Supplied data:
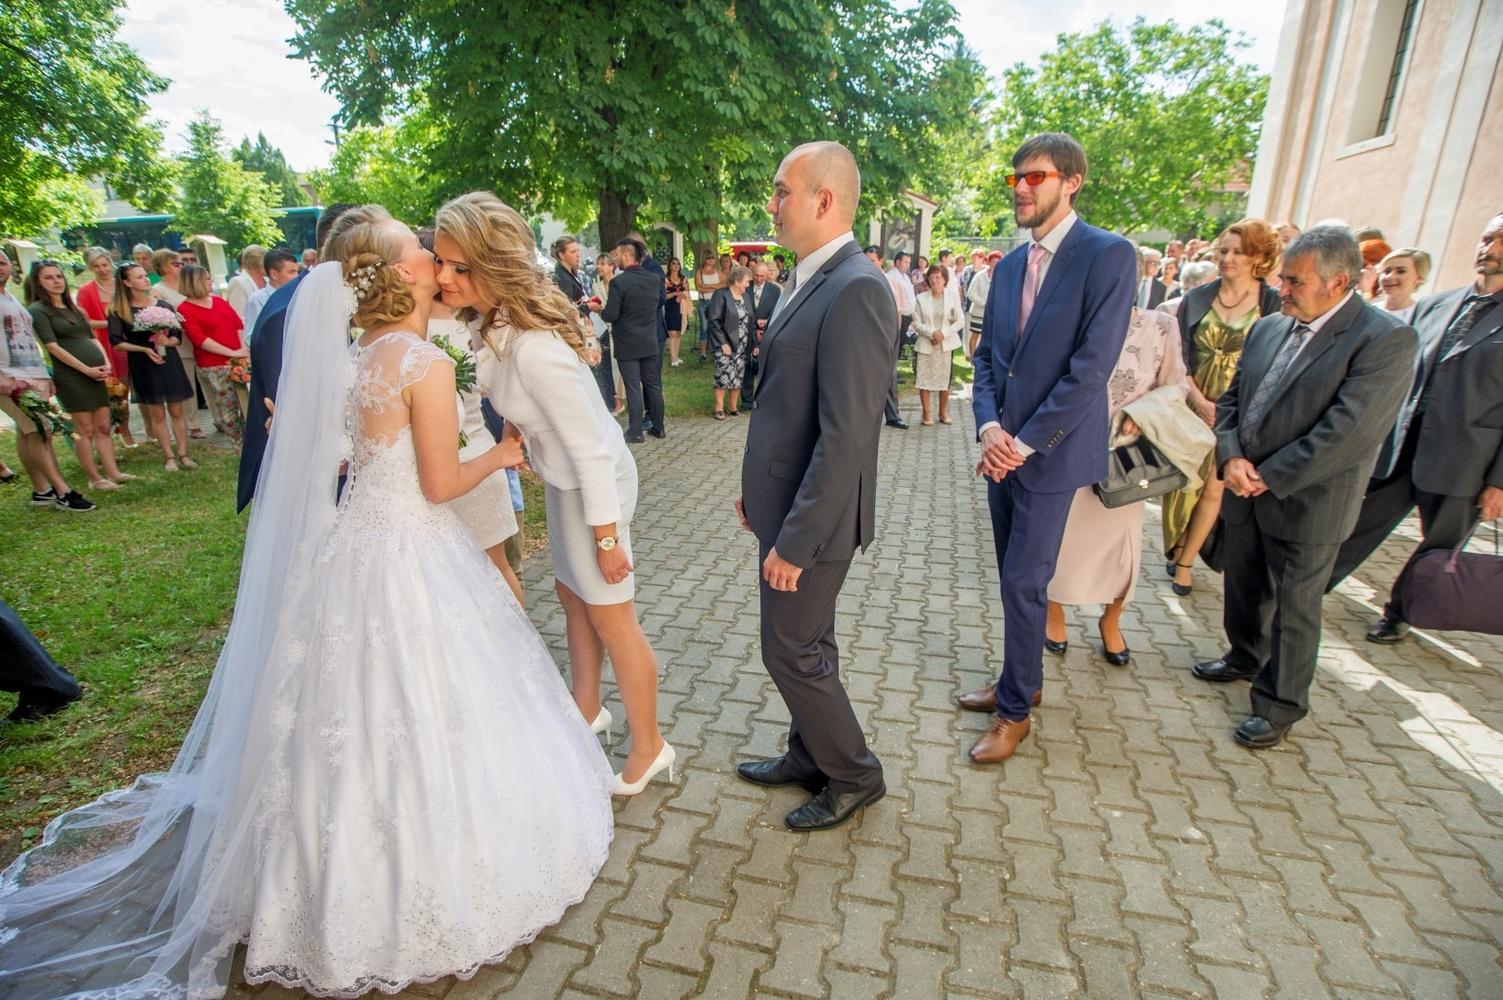 http://www.fotoz.sk/images/gallery-18/normal/eskuvo-fotozas_svadobne-fotenie_479.jpg
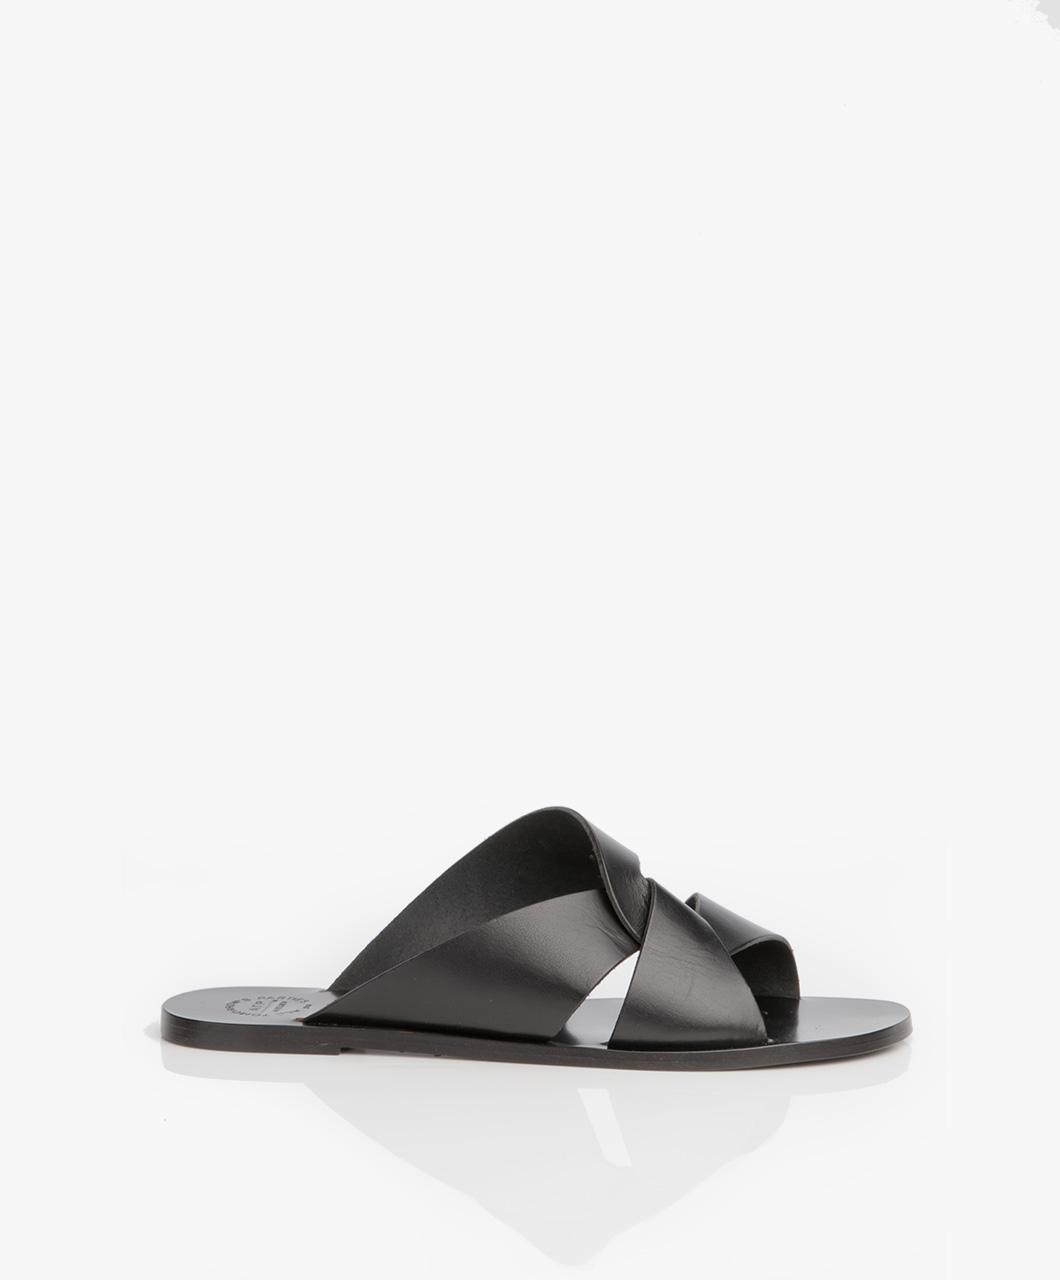 Immagine di ATP Atelier Slipper Sandals Allai in Black Leather
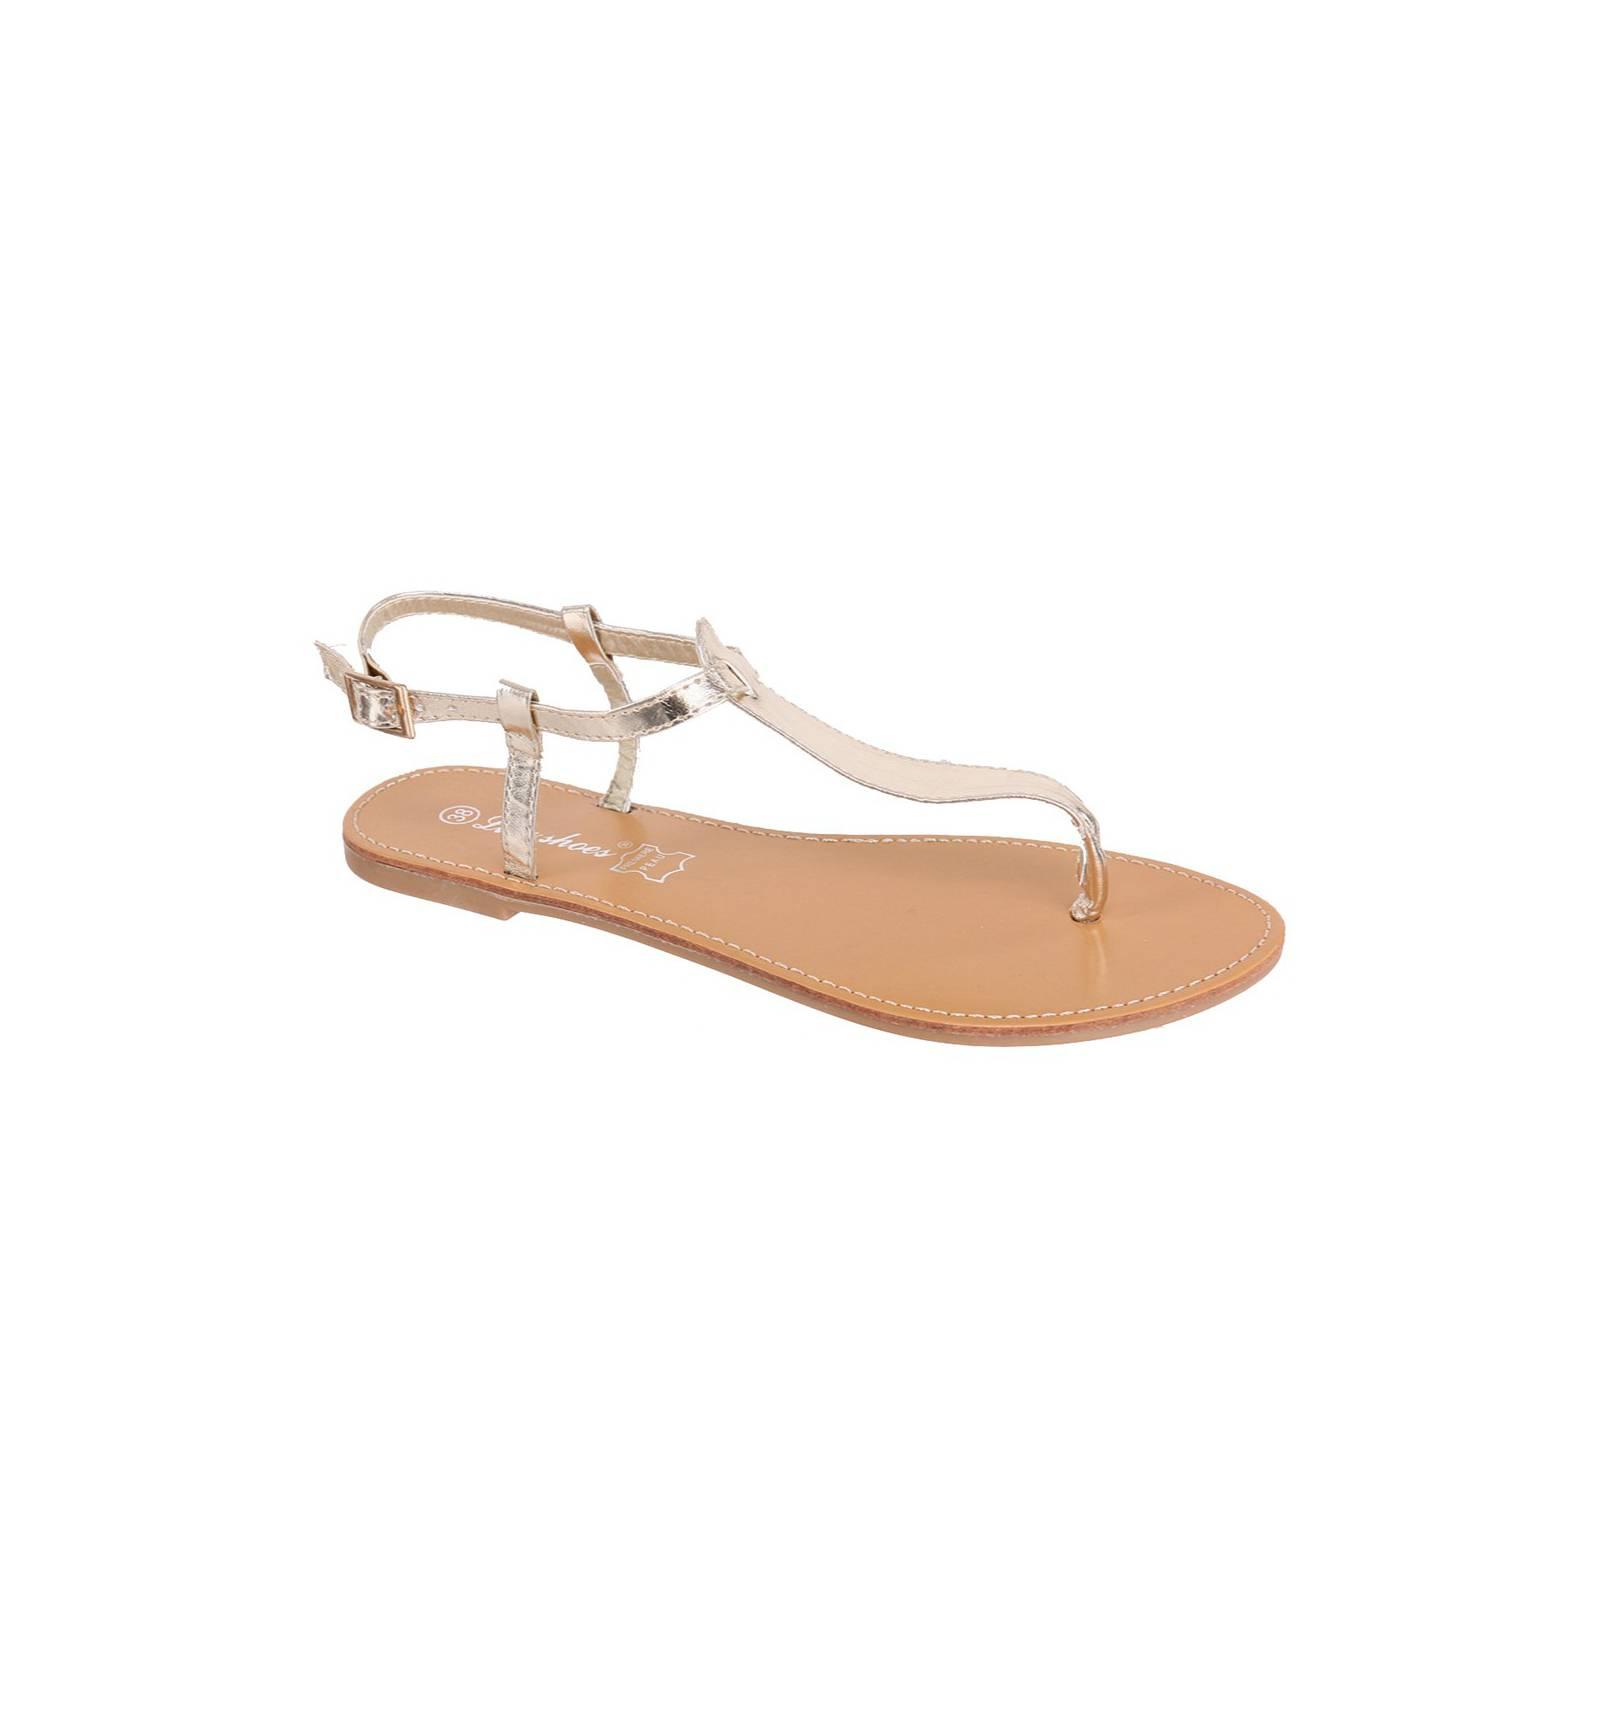 sandales plates femme couleur dor mod le ibiza. Black Bedroom Furniture Sets. Home Design Ideas
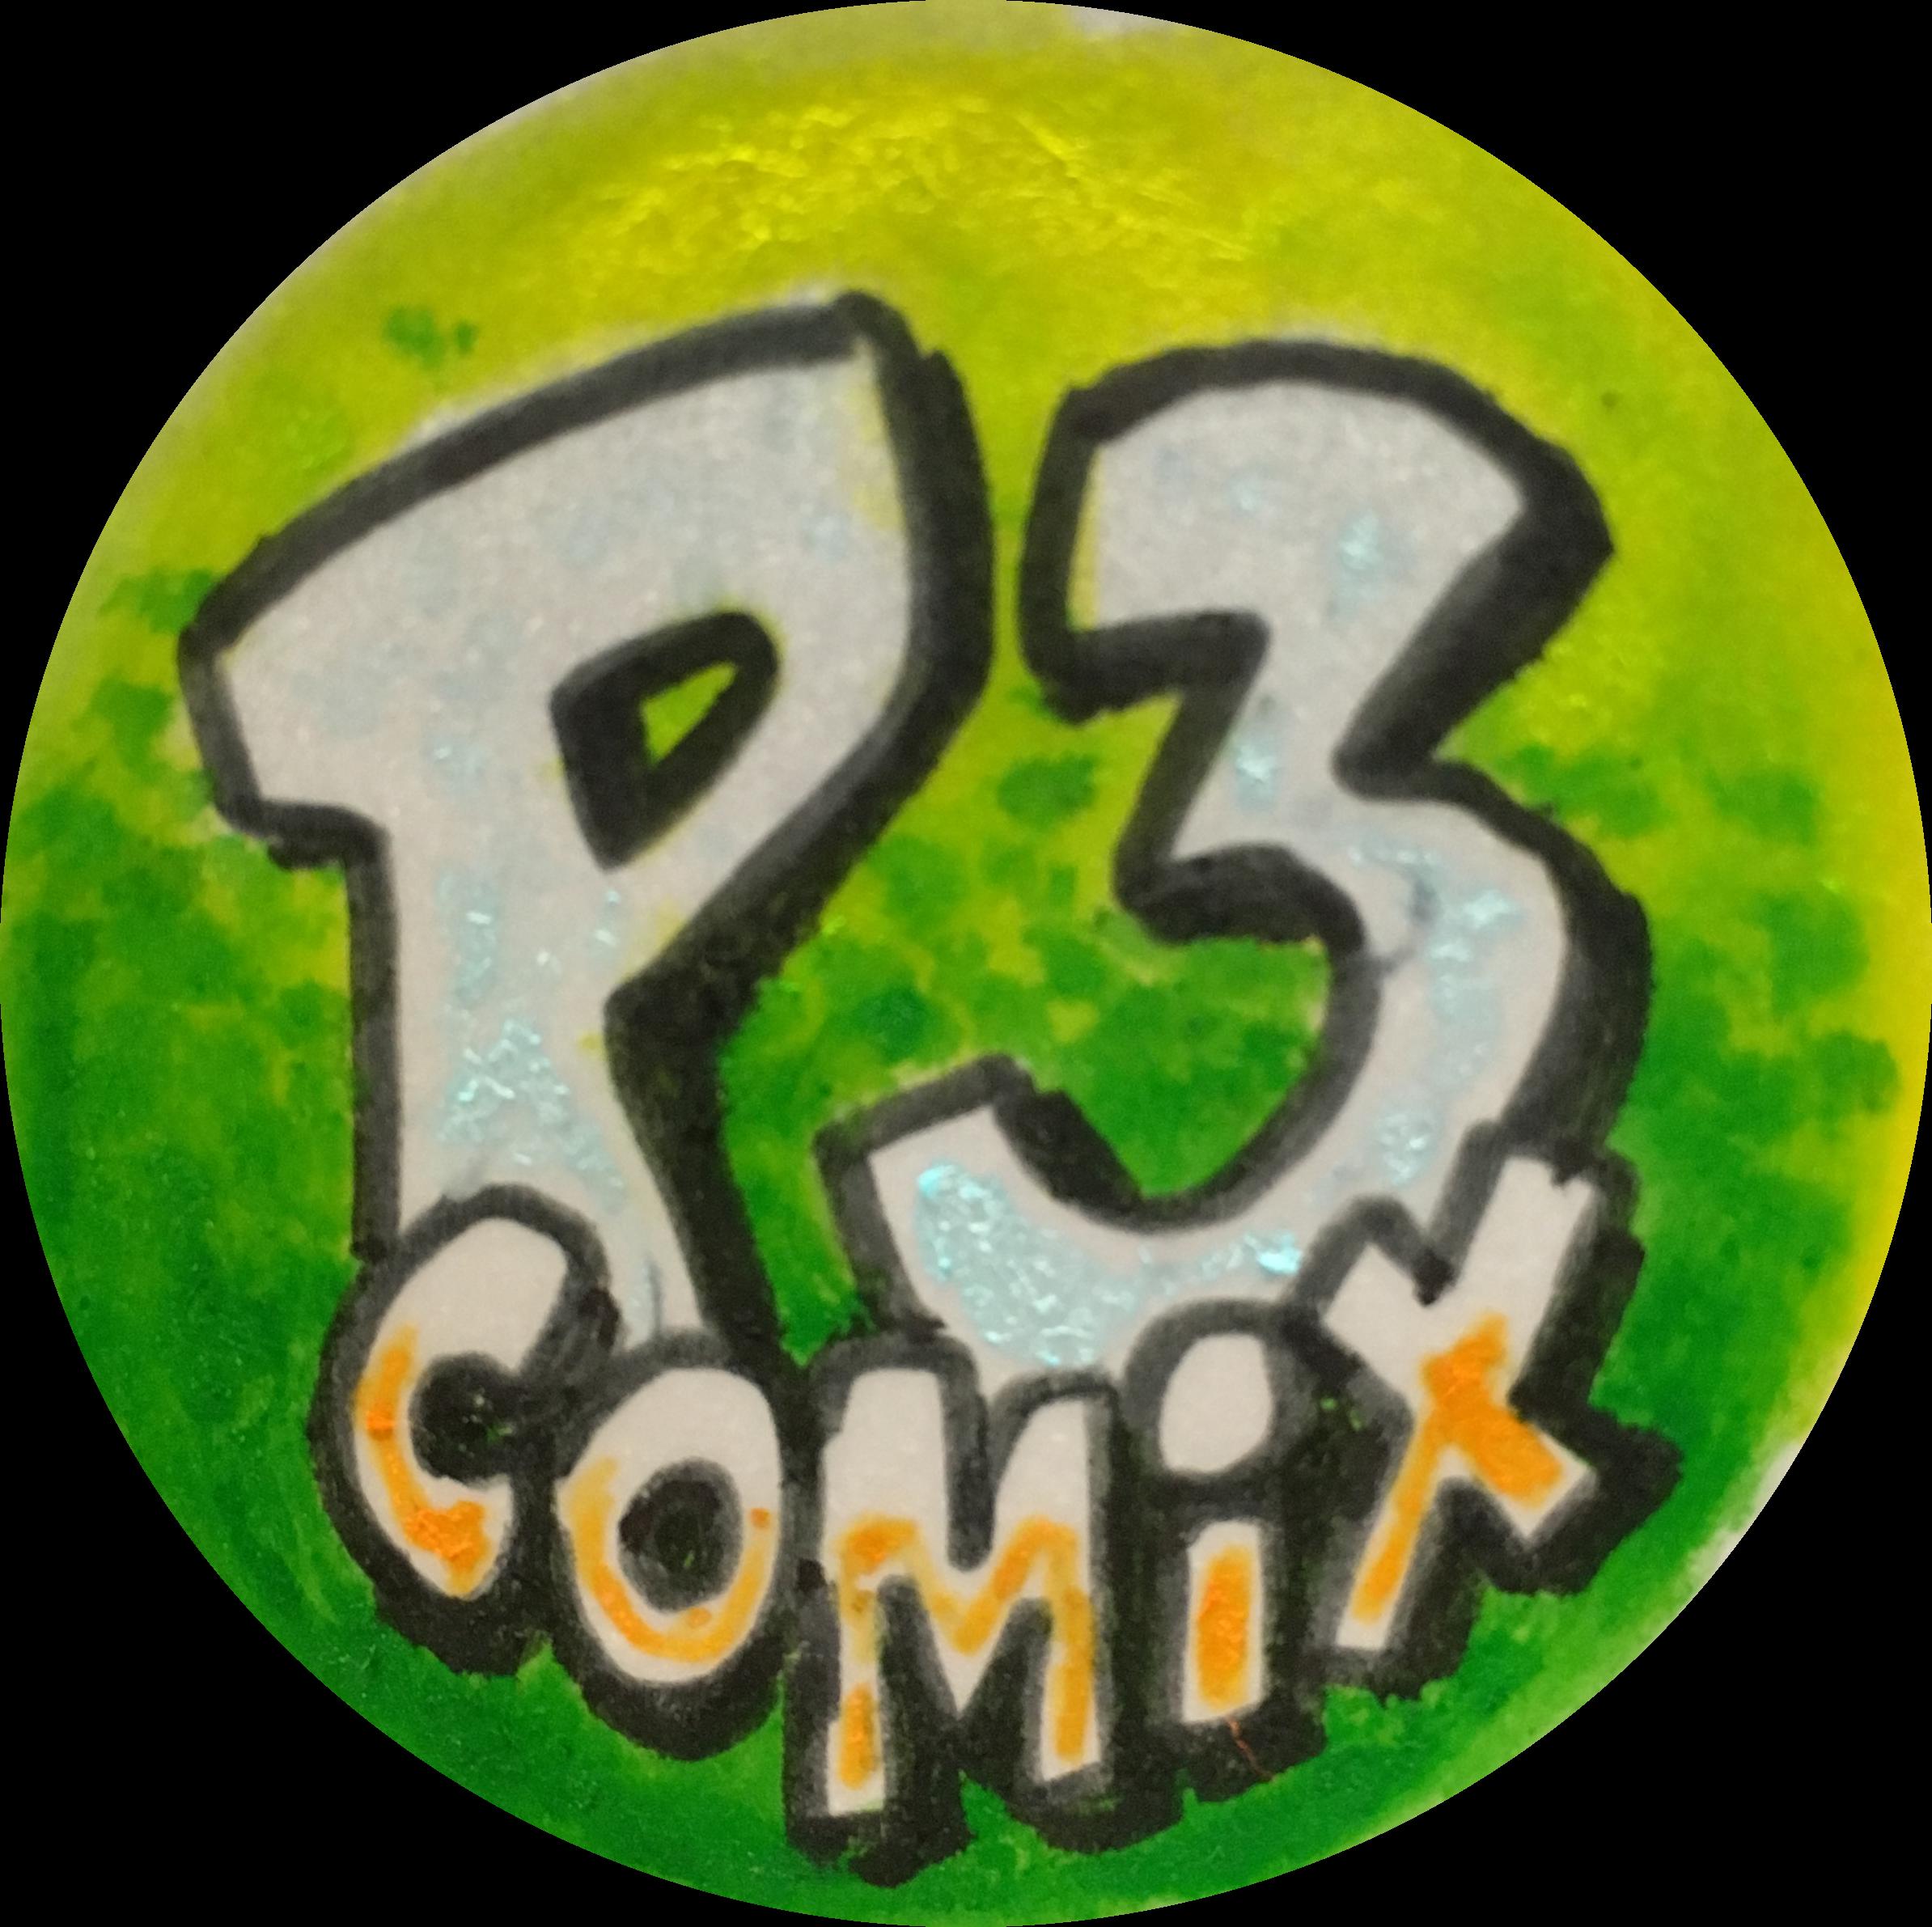 P3 Comix

What you have to do: Excluding pictures, reproduce the listing above exactly as it stands.

Solved problem:
 http://www.fotoz.sk/images/gallery-18/normal/eskuvo-fotozas_svadobne-fotenie_479.jpg
 Immagine di ATP Atelier Slipper Sandals Allai in Black Leather
 sandales plates femme couleur dor mod le ibiza. Black Bedroom Furniture Sets. Home Design Ideas
 P3 Comix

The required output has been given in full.